-- RAW DATA --
╭──

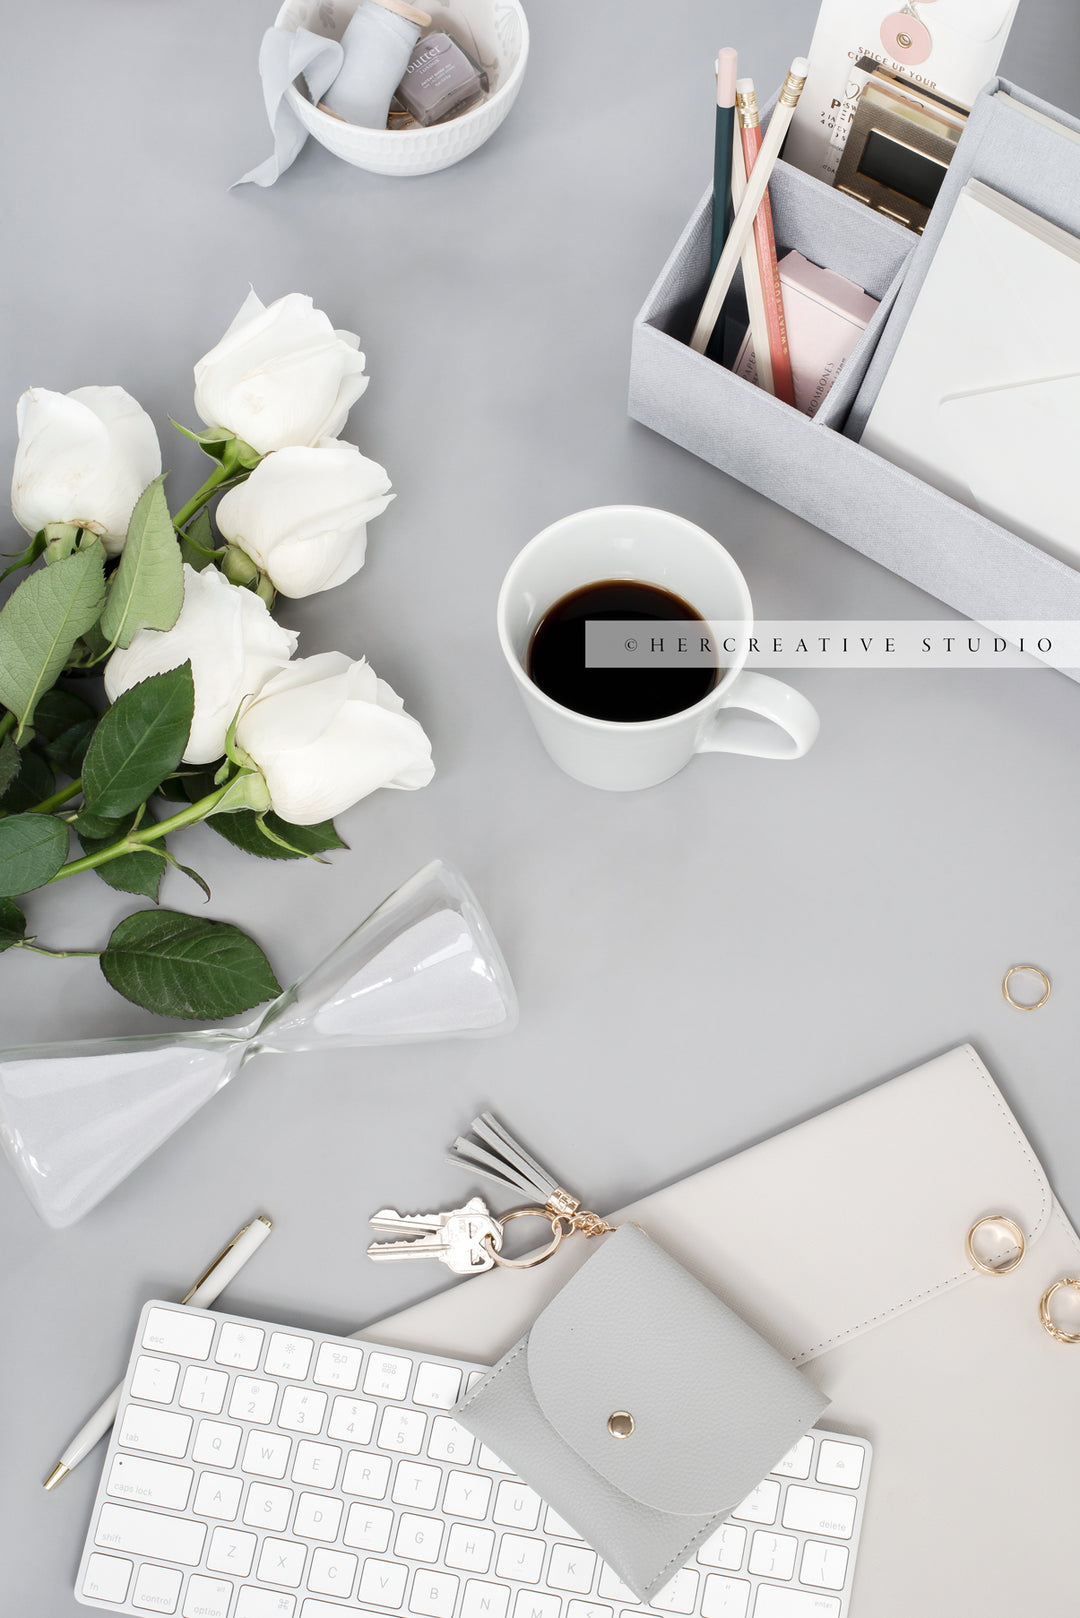 Roses, Hourglass & Keychain on Grey Background. Stock Image
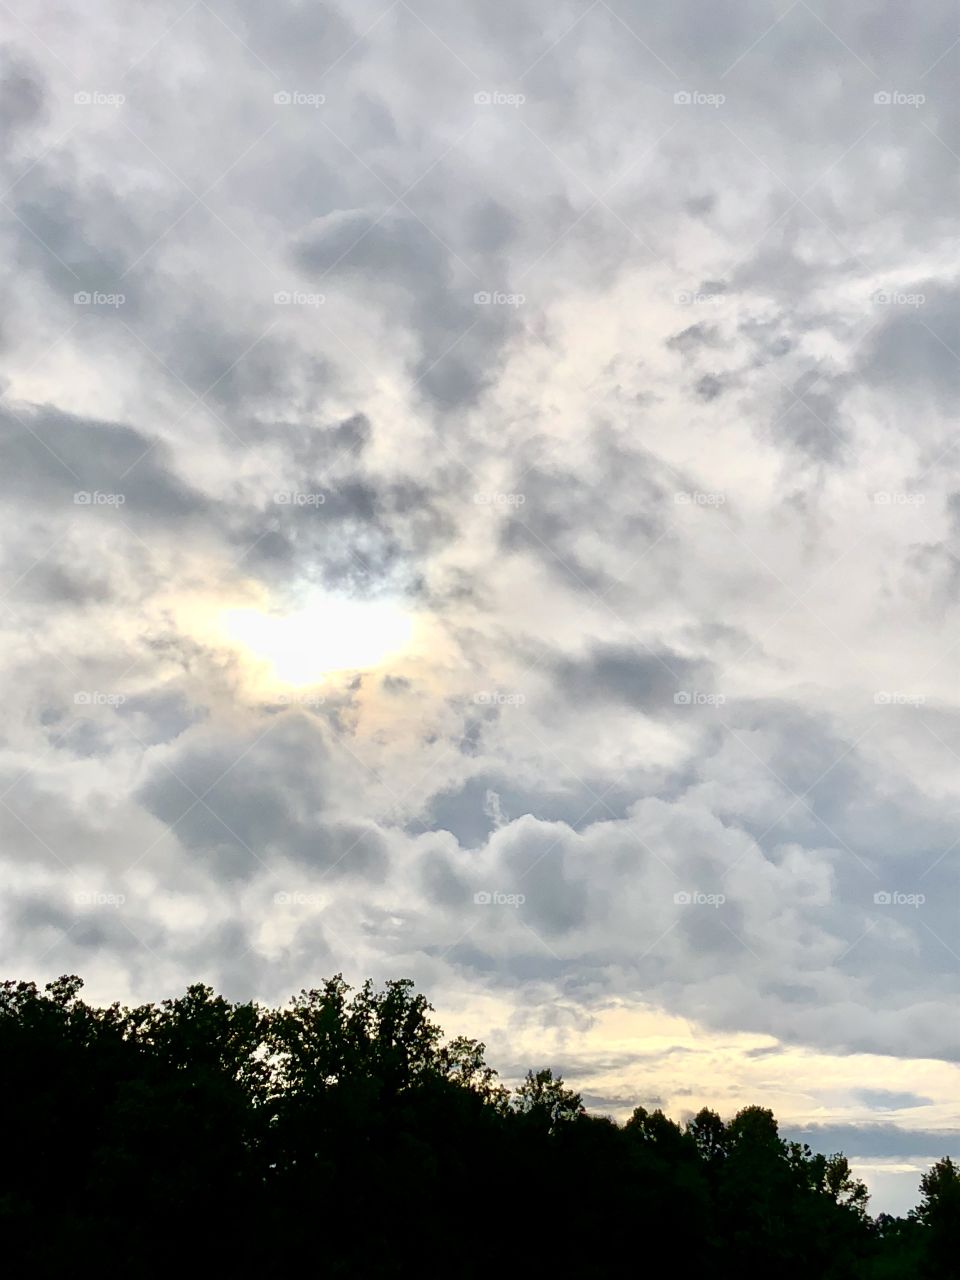 An eye of sun in the clouds
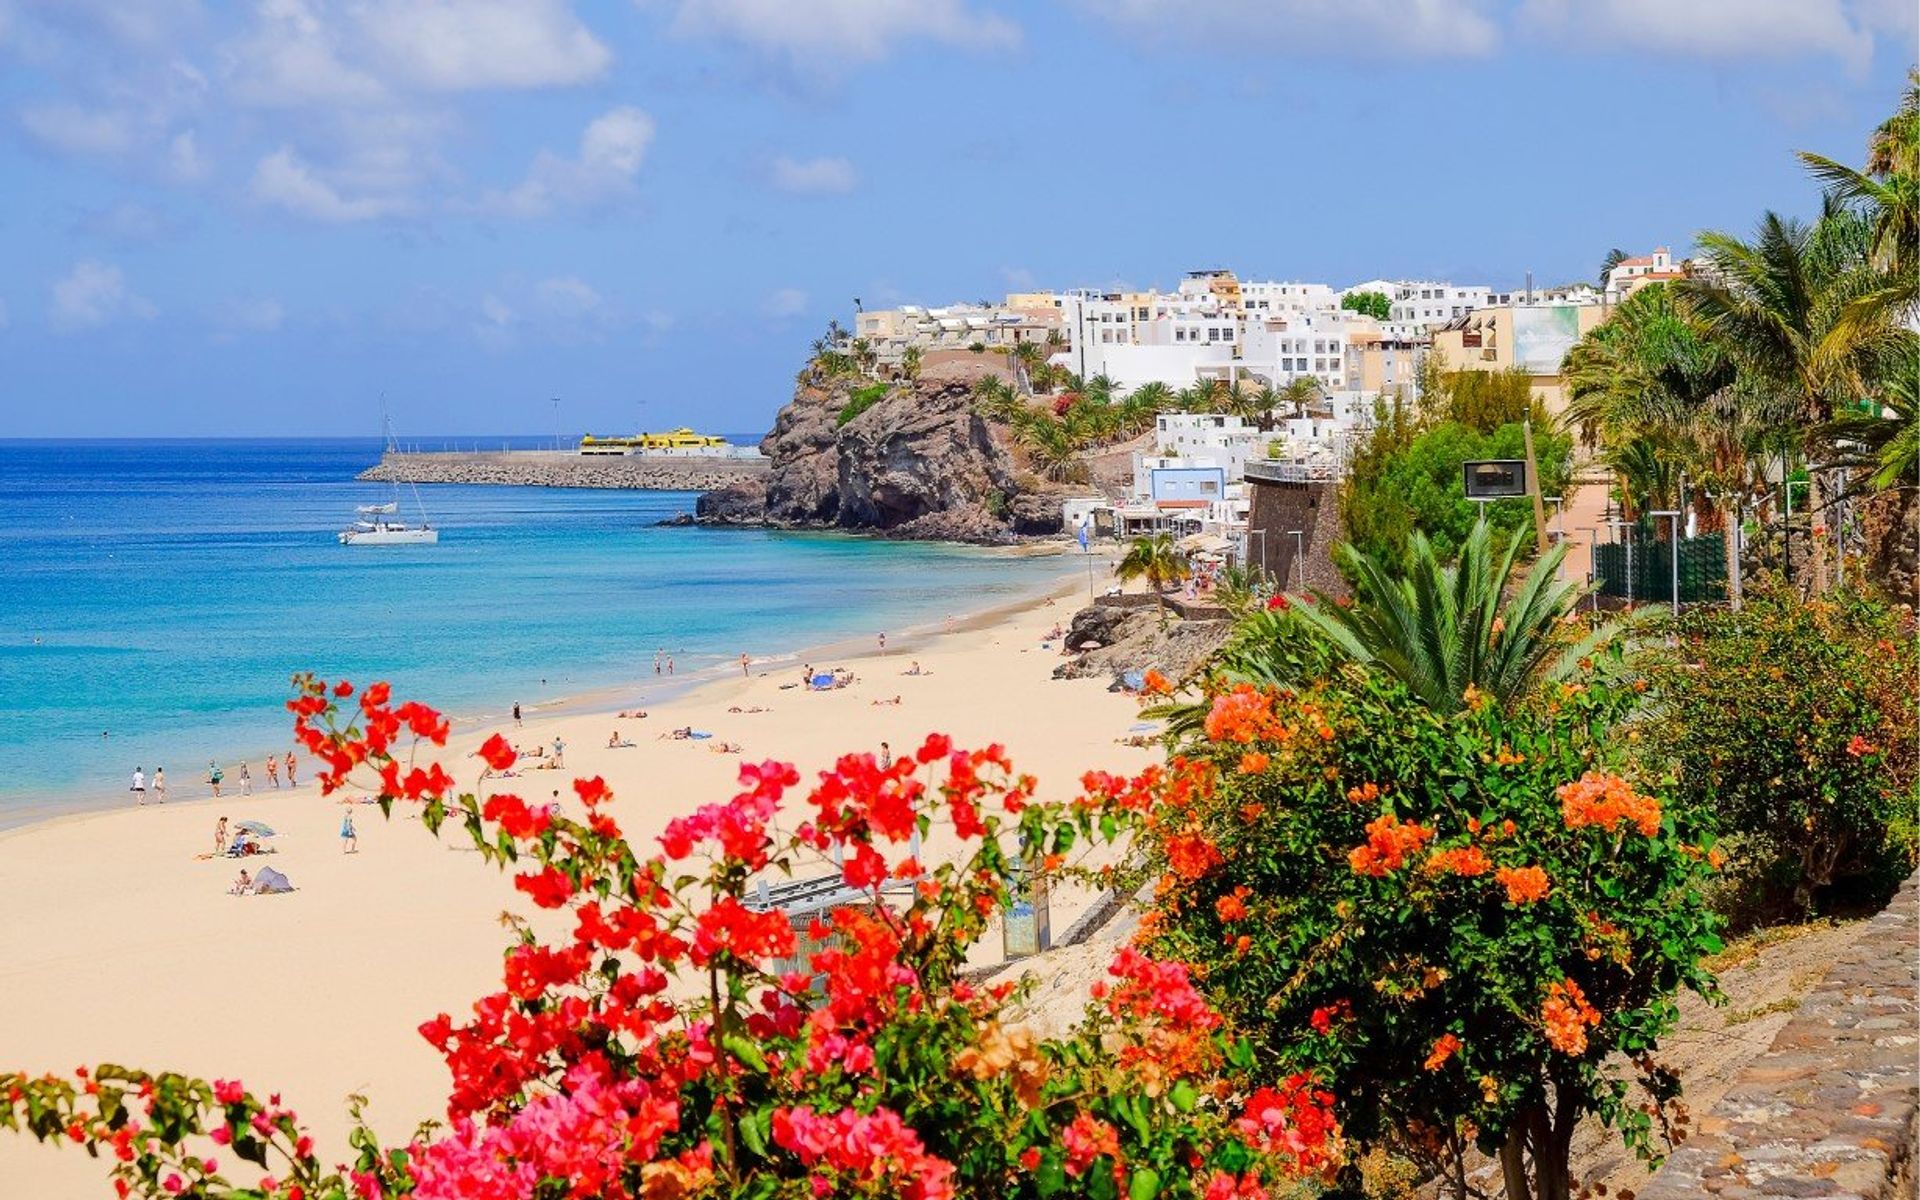 Morro Jable beach is one of the most beautiful stretches of coast in the Canaries boasting 4km of white sand
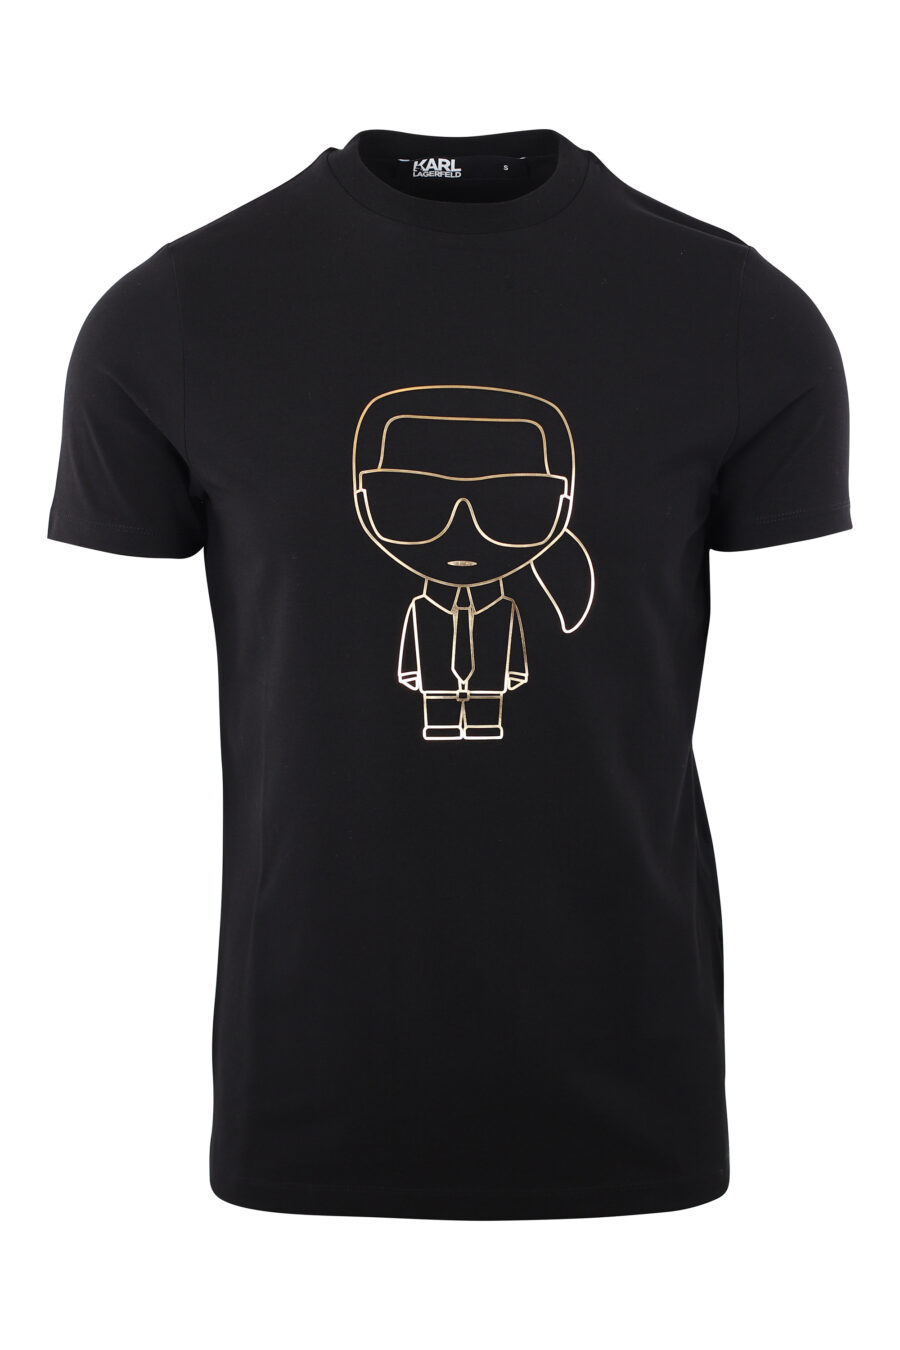 Black T-shirt with gold silhouette logo - IMG 1980

╰──

-- WHAT IS NEEDED --
Go through the listing and restate each line word for word, leaving out the pictures.

-- TASK ANSWER --
 Roses, Hourglass & Keychain on Grey Background. Stock Image
 An eye of sun in the clouds
 Morro Jable beach is one of the most beautiful stretches of coast in the Canaries boasting 4km of white sand
 Black T-shirt with gold silhouette logo - IMG 1980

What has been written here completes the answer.